20191008_133036.jpeg
 
Thanks for reporting back!

Sorry I didn't see this earlier. I could have helped. Chloride dioxide is broad-spectrum, so it won't select yeast, and only damages the culture.

Suggestions if anyone wants to make beer with a kombucha SCOBY:
  • Build a ~1.040 wort starter with the SCOBY like you would with any other liquid yeast. Add hops if you don't want it sour (hops inhibit the lactic acid bacteria).
  • Kombucha primary yeast may only attenuate wort 25-50%, so you need to make a decision -- you can let the starter go a long enough time to try to increase the Brettanomyces count enough to do the primary fermentation (at least a couple weeks; maybe step it up every few weeks until you get a good attenuation; Brett is slow), or pitch beer yeast to finish fermentation (I would suggest you add the commercial yeast after letting the SCOBY ferment for a couple days). Again, use hops if you don't want it to sour.
  • Protecting the beer from oxygen prevents acetic acid (vinegar) production, however there may be a little tang from the aerobic starter.
  • Aging at least a few months is recommended to allow Brett expression and to allow it to clean up off-flavors, as well as make sure full attenuation has been reached.
  • Add any flavorings close to packaging.
  • Consider an acid shock starter if bottling, to prevent THP.
Cheers
 
Great suggestions thanks for the comment. If chlorine dioxide truly is broad spectrum I'm surprised I got anything out of this. It was done on a lark and probably as good as could be expected. Your ideas might just inspire me to try it again some time. I feel like overall it was a decent expression of kombucha, good and bad. Never got truly sour although I imagine there was some production of organic acids that produced that twang I mentioned. I have a three gal keg of the stuff that will probably get dumped when something better needs a home and one 24oz that was bottle conditioned. I'll let it sit a year or four and pull it out someday to see if brett saves the day like it always seems to.
 
If chlorine dioxide truly is broad spectrum I'm surprised I got anything out of this.
As with any anti-microbial, the activity depends on the concentration.

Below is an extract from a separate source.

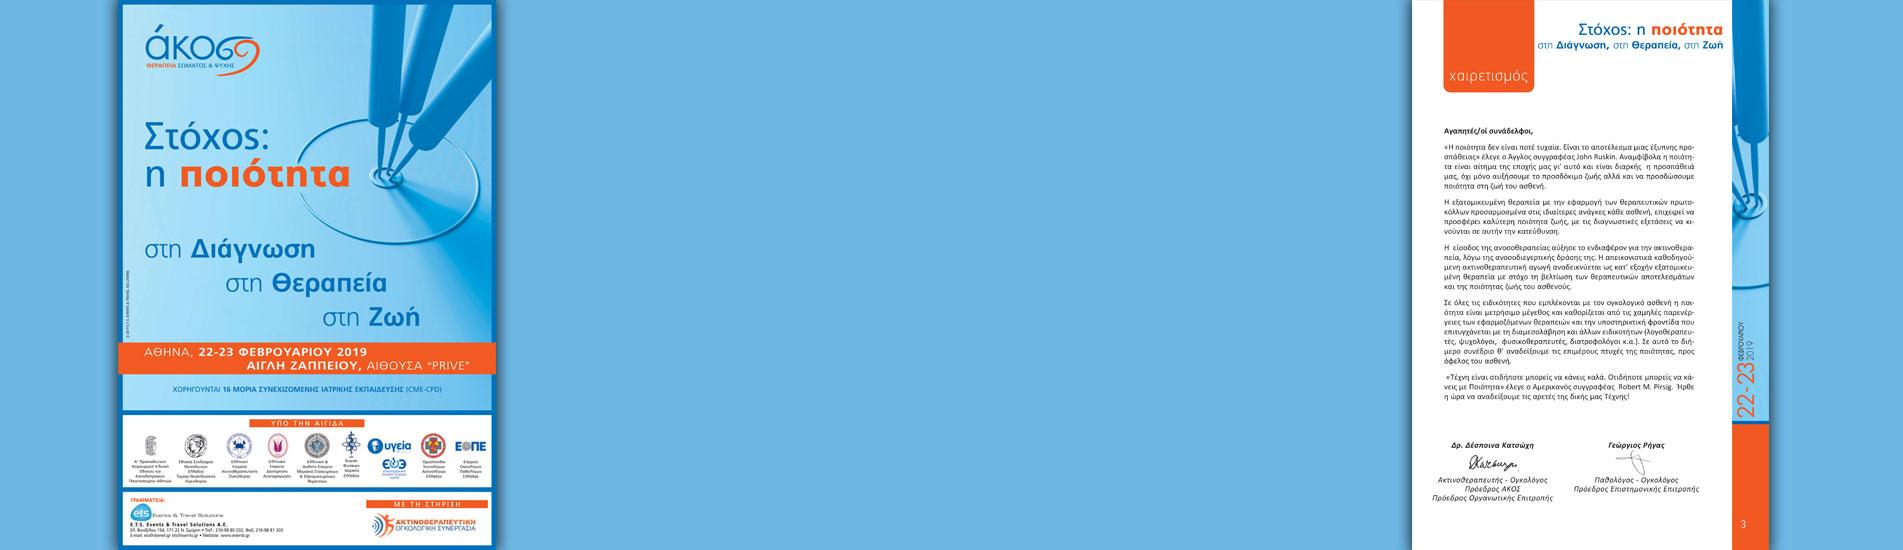 Διήμερο επιστημονικό συνέδριο της ΑΚΟΣ 22 & 23/02

It may have outright killed only some of the microbes but just inhibited/weakened others.
Never got truly sour
What was the hopping rate & IBU?
Hops inhibit the lactic acid bacteria.
Your ideas might just inspire me to try it again some time
You also have the option to ferment a beer with the normal beer yeast of your choice, and then add the kombucha SCOBY after primary. This would allow only the Brett to add flavor, but sort of removes the novelty of allowing the SCOBY to eat most of the sugar. This method should avoid the cidery taste.

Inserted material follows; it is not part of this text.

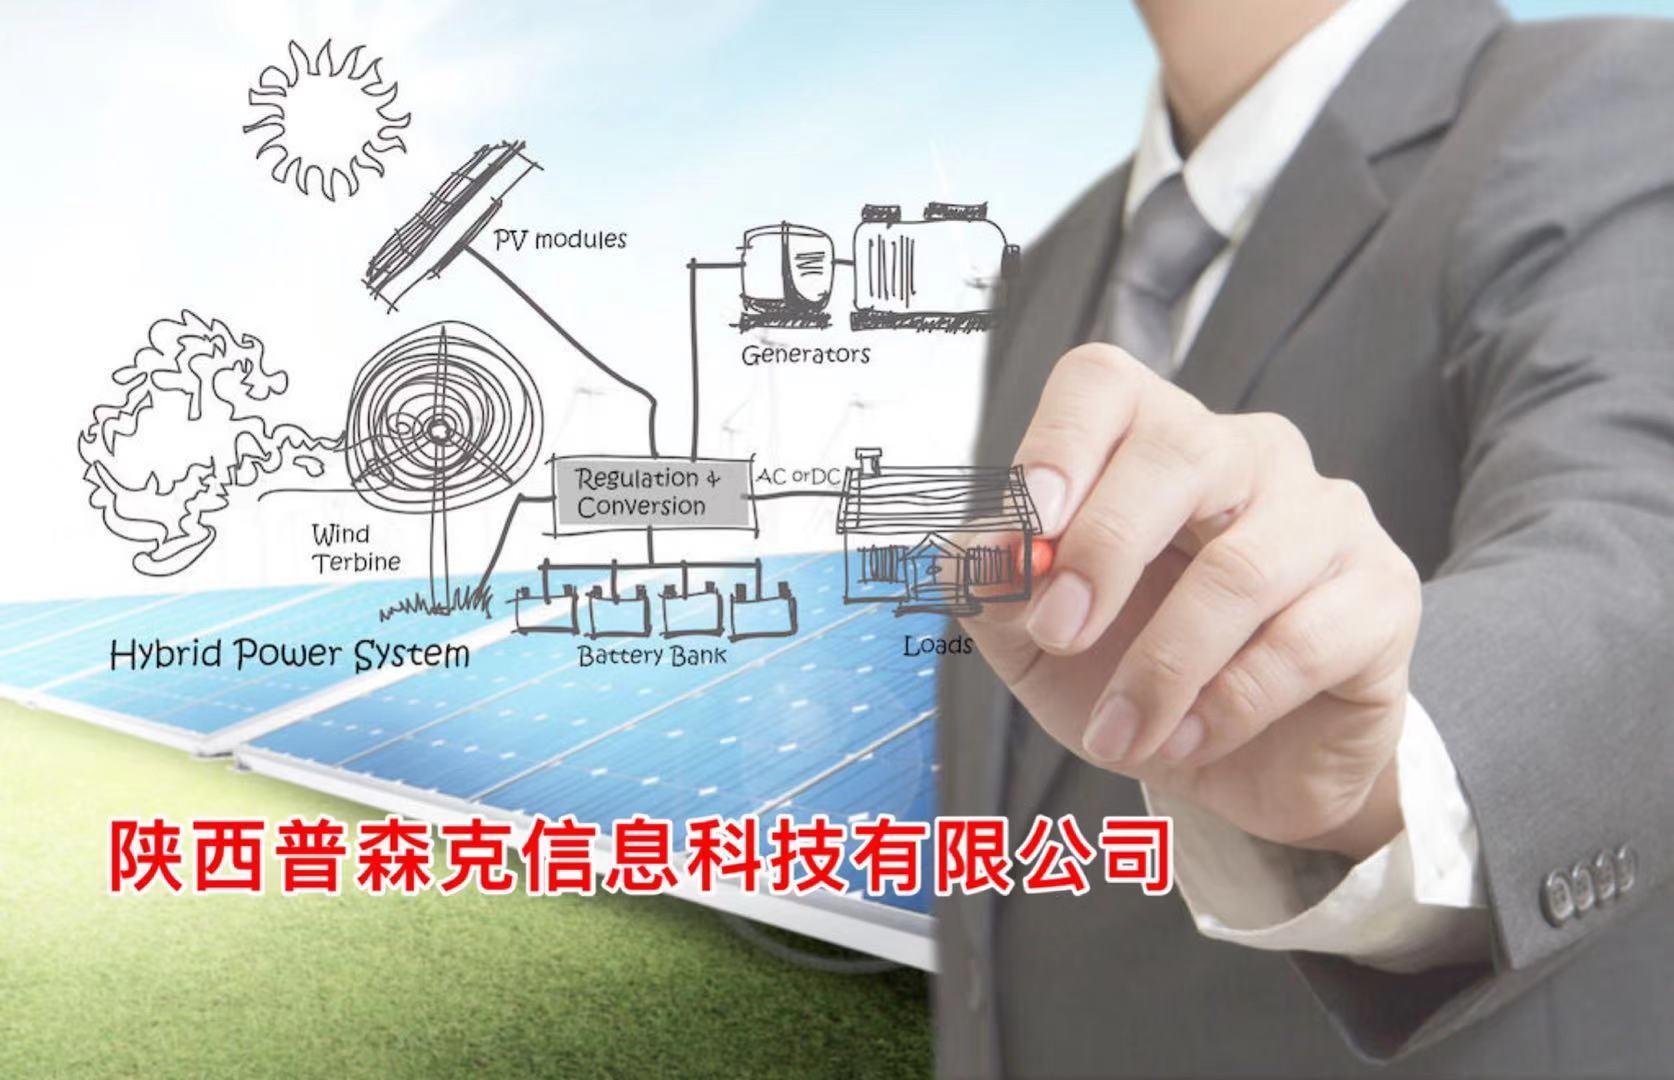 2021年陕西工程师职称重点集合就在这里

Yet another option is blending kombucha with beer. This gives more control, especially since you keg and can keep it cold to prevent additional fermentation.

Cheers
 
The best way might be to streak it out on an agar plate and then grow up just one colony into a starter. Potato dextrose agar and malt extract agar are both pretty easy to make and available cheapish to buy online. To select for yeast (kill the bacteria) could add an antibiotic or drop the pH.
 
The flavor of kombucha comes from the whole mix of microbes, so I think isolating one strain might be counterproductive.